The Problem Isn’t Going Away

  • Raw LLM capability is insufficient. SysMBench tested 17 LLMs including frontier models; best BLEU score was 4%, best semantic F1 was 62% [1]
    • Enhancement strategies (few-shot, chain-of-thought) provided only marginal improvement. The failure mode is structural (modeling language syntax), not reasoning
  • Context windows are a ceiling, not a floor. Bader et al. exceeded 16K tokens generating ~8 elements in XMI; even 30% pre-processing reduction was insufficient [2]
    • Larger windows don’t help when the format is inherently verbose
  • Corpus scarcity can’t be trained away. SysML v2 was adopted July 2025; training data barely exists. SysTemp compensates with templates because LLMs can’t learn from limited examples [3]
  • Single-shot generation fails. Ferrari et al. found correctness not significantly above baseline across 28 requirements documents; session memory pollution actively degrades output [4]

The Gap

  • 0 MCP servers for SysML among 7,364+ public MCP repositories
  • SE project context alone consumes 40K+ tokens, leaving minimal budget for model content
  • No standardized AI-MBSE interface; every paper implements custom integration

Why Now

  • MCP protocol reached stability (Nov 2024), adopted by major AI providers
  • SysML v2 textual notation explicitly recommended as more LLM-friendly than XMI [2]
  • 75,000+ GitHub stars on MCP ecosystem repos; momentum is real
  • Tree-sitter grammars are straightforward to produce (~25 hours to 99.6% coverage), but OMG’s KEBNF spec doesn’t easily yield one (335+ LR conflicts). A hand-tuned grammar is a meaningful contribution
  • No tree-sitter grammar for SysML v2 existed; tree-sitter’s error recovery and incremental parsing make it uniquely suited for AI tooling where ANTLR doesn’t fit

Exploring the Space

  • An MCP server with context-aware tools (L0/L1/L2 detail levels, cache IDs, overflow detection) is a research instrument for exploring reduction strategies, not just a product
  • Each tool call is a measurable experiment: what context does the LLM actually need to reason about a model?
  • Positions capstone as infrastructure for continued research (directed study → INCOSE 2027 benchmark)

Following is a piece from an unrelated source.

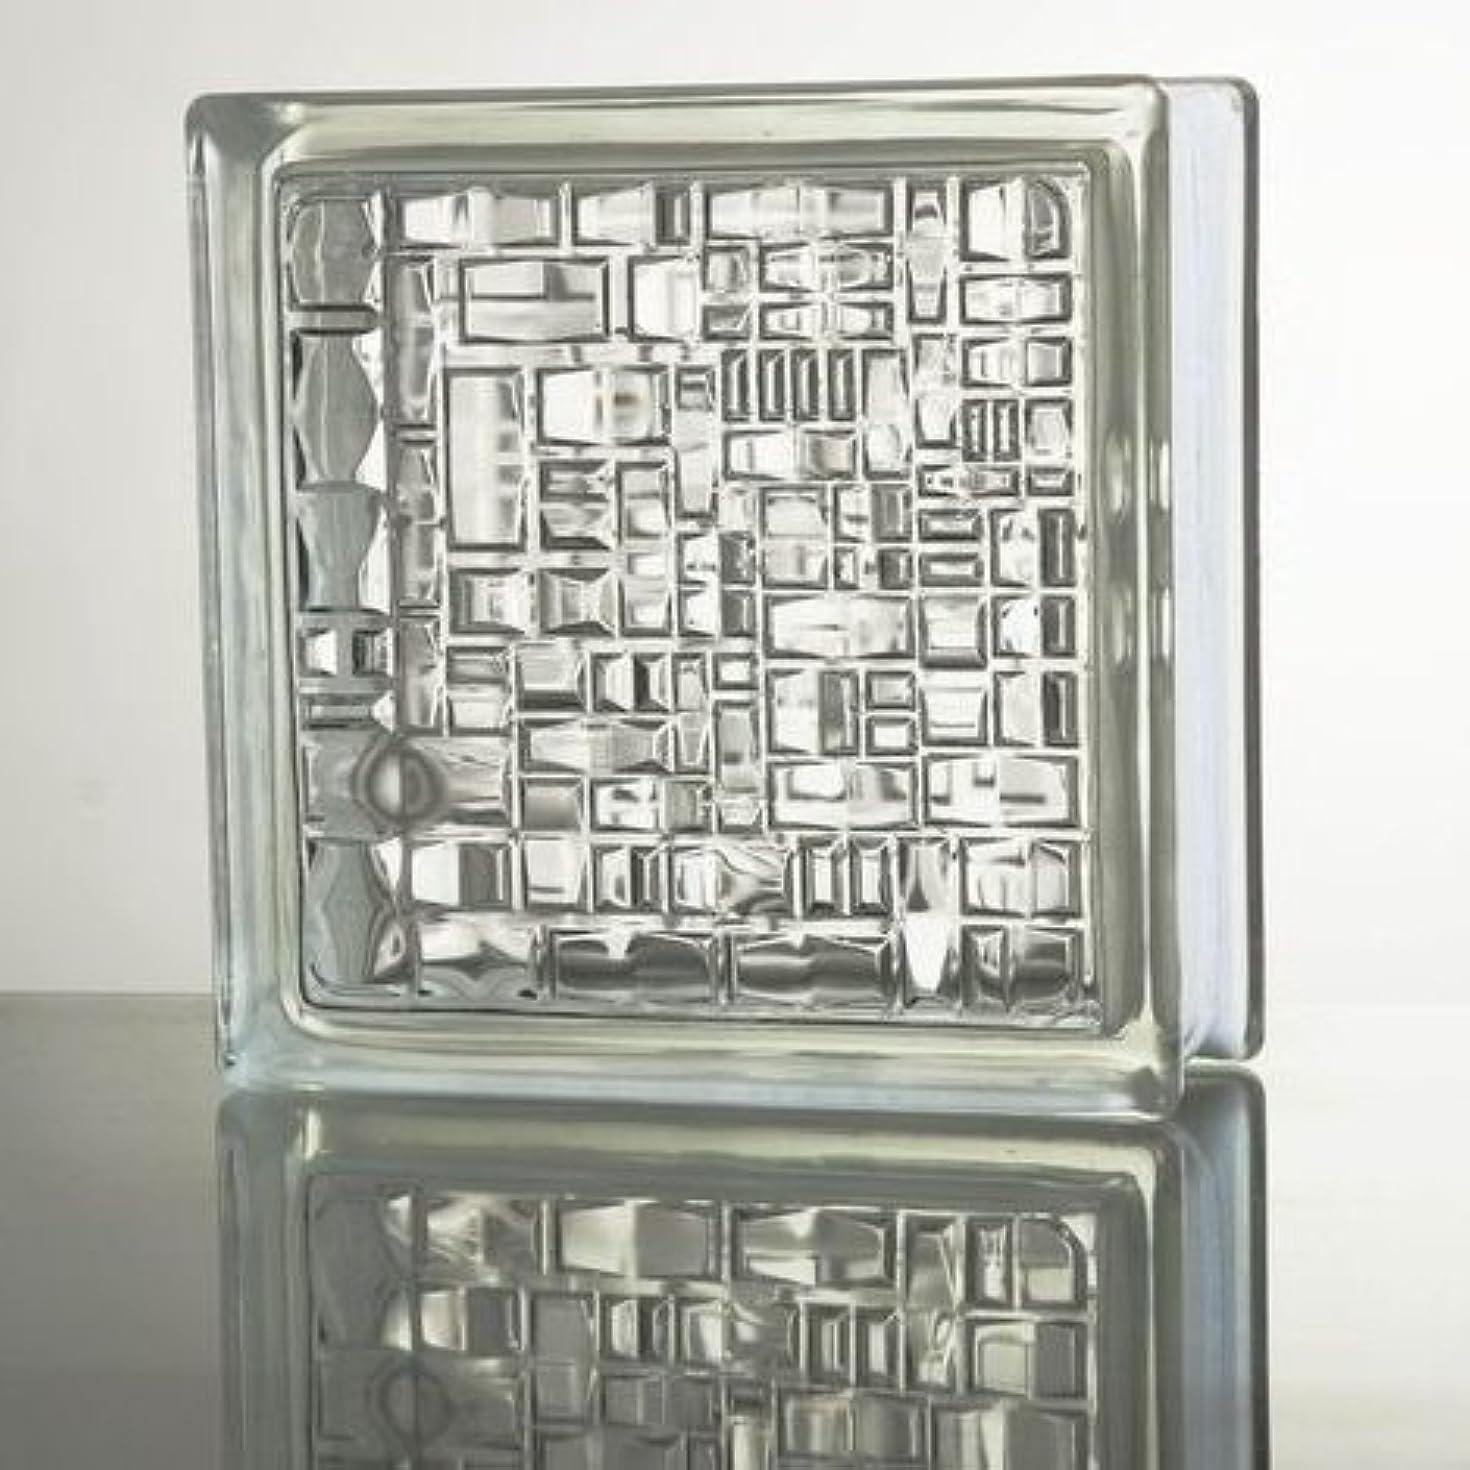 水を飲む正当な圧力ガラスブロック (厚み80mm クリア色モザイク) gb1780

SysML v2: From Documentation to Computation

What is MBSE?

Model-Based Systems Engineering means expressing system designs as structured, machine-readable models rather than documents. SysML is the OMG standard language for this: system architects use it to define parts, requirements, behaviors, and constraints for complex systems in defense, aerospace, automotive, and medical domains.

Why Do People Want LLMs in MBSE?

MBSE has a persistent model-reality gap: system architectures that can’t be validated, simulated, or traced to requirements without extensive manual effort and custom tooling. Engineers spend more time maintaining models than reasoning about designs.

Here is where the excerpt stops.